Sunday, February 26, 2006

Start effin

Shankar Vedantam revisits the greatest mudslide in the history of America's intellectual erosion, "intelligent design." Highlights:

- The world's smallest violin plays for biology professor Caroline Crocker, who claims she was fired from George Mason University for teaching intelligent design. She believes in creation, claims that there is "not a lot" of evidence for evolution, and sees her role as balancing "the 'ad nauseum' pro-evolution accounts that students had long been force-fed."

"Just like they say you can't discriminate against black people, or against gays, maybe they will say you can't discriminate against Darwin-doubters," Crocker told me.

- Vedantam says ID advocates believe the tables have been turned on them.

If Galileo and Copernicus were the scientific rebels who were once punished by the dogma and authority of the church, [intelligent design] advocates now believe that they are being punished by the dogma and authority of science.

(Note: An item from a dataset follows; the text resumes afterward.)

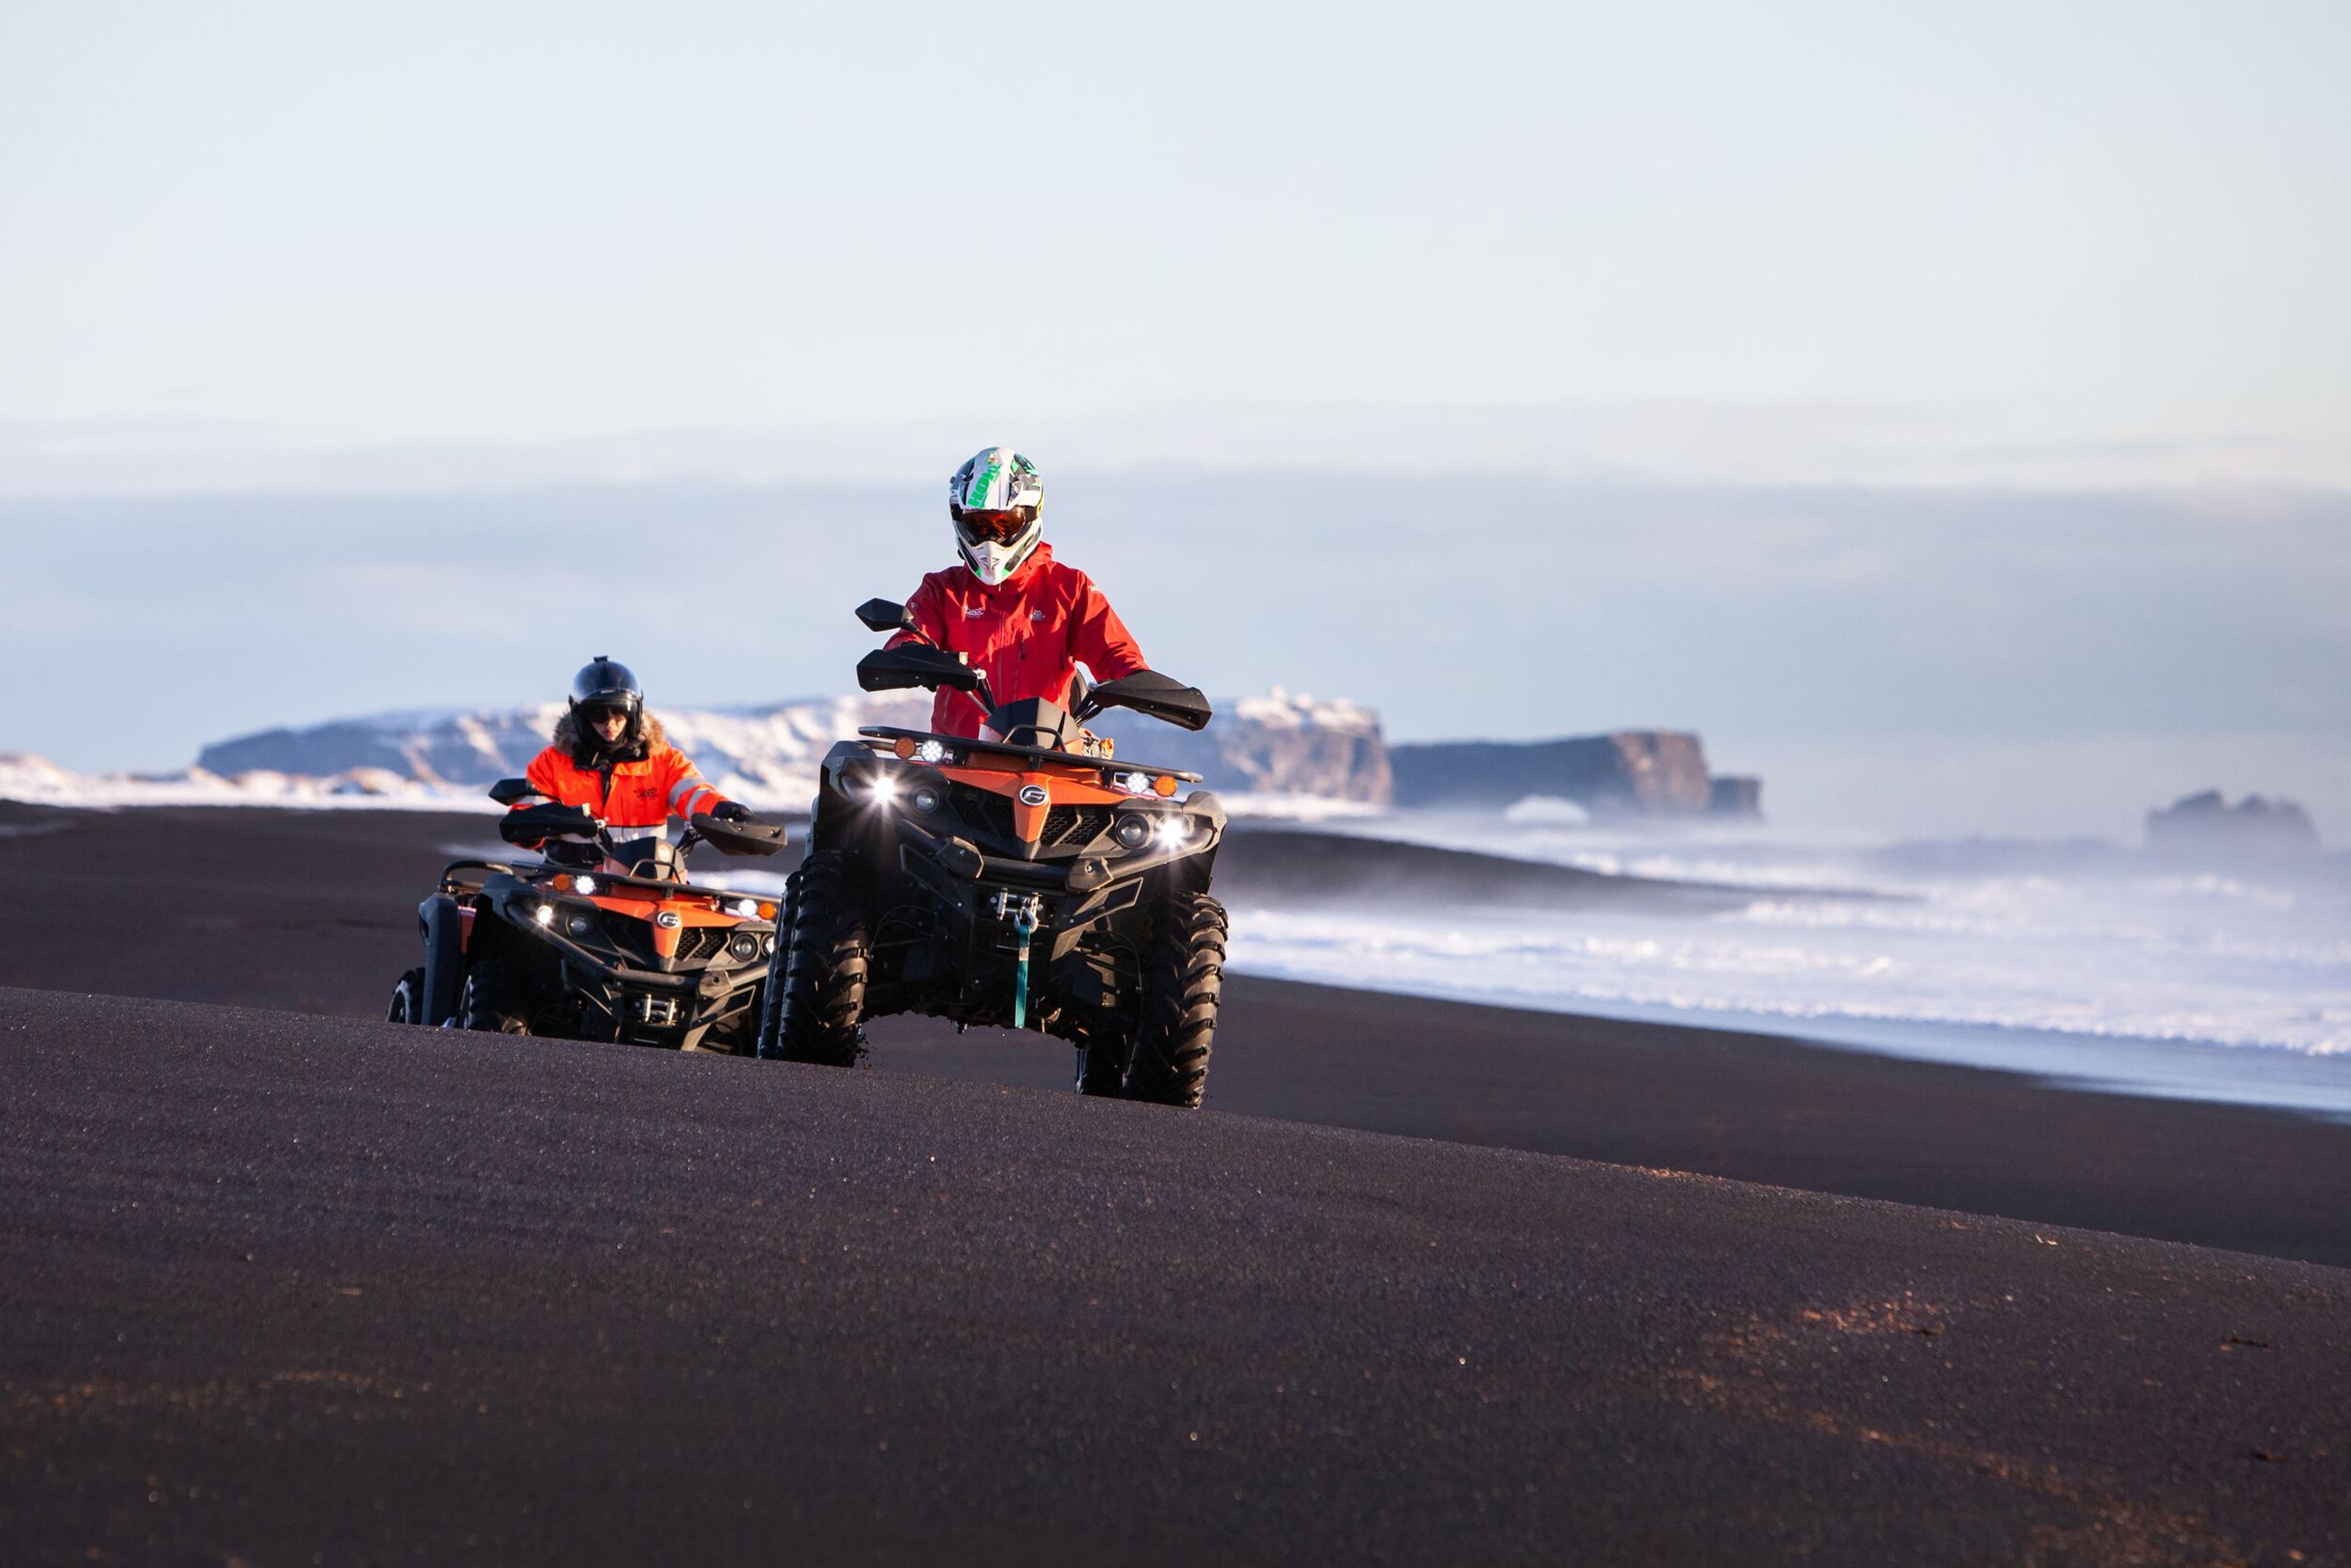 Duo ATV Adventure on Iceland's Iconic Black Beaches

- And finally, this tragically ironic proposition:

Given that traditional people tend to have larger families, and that the doubters of natural selection are more likely than not to be religious traditionalists, I asked [Richard] Dawkins whether natural selection may favor those who don't believe in it.

He said: "That's an interesting suggestion that natural selection may favor those who do not believe in natural selection. It might be true."

Yikes. That's interesting spin on theodicy. Into the sack, Darwinists!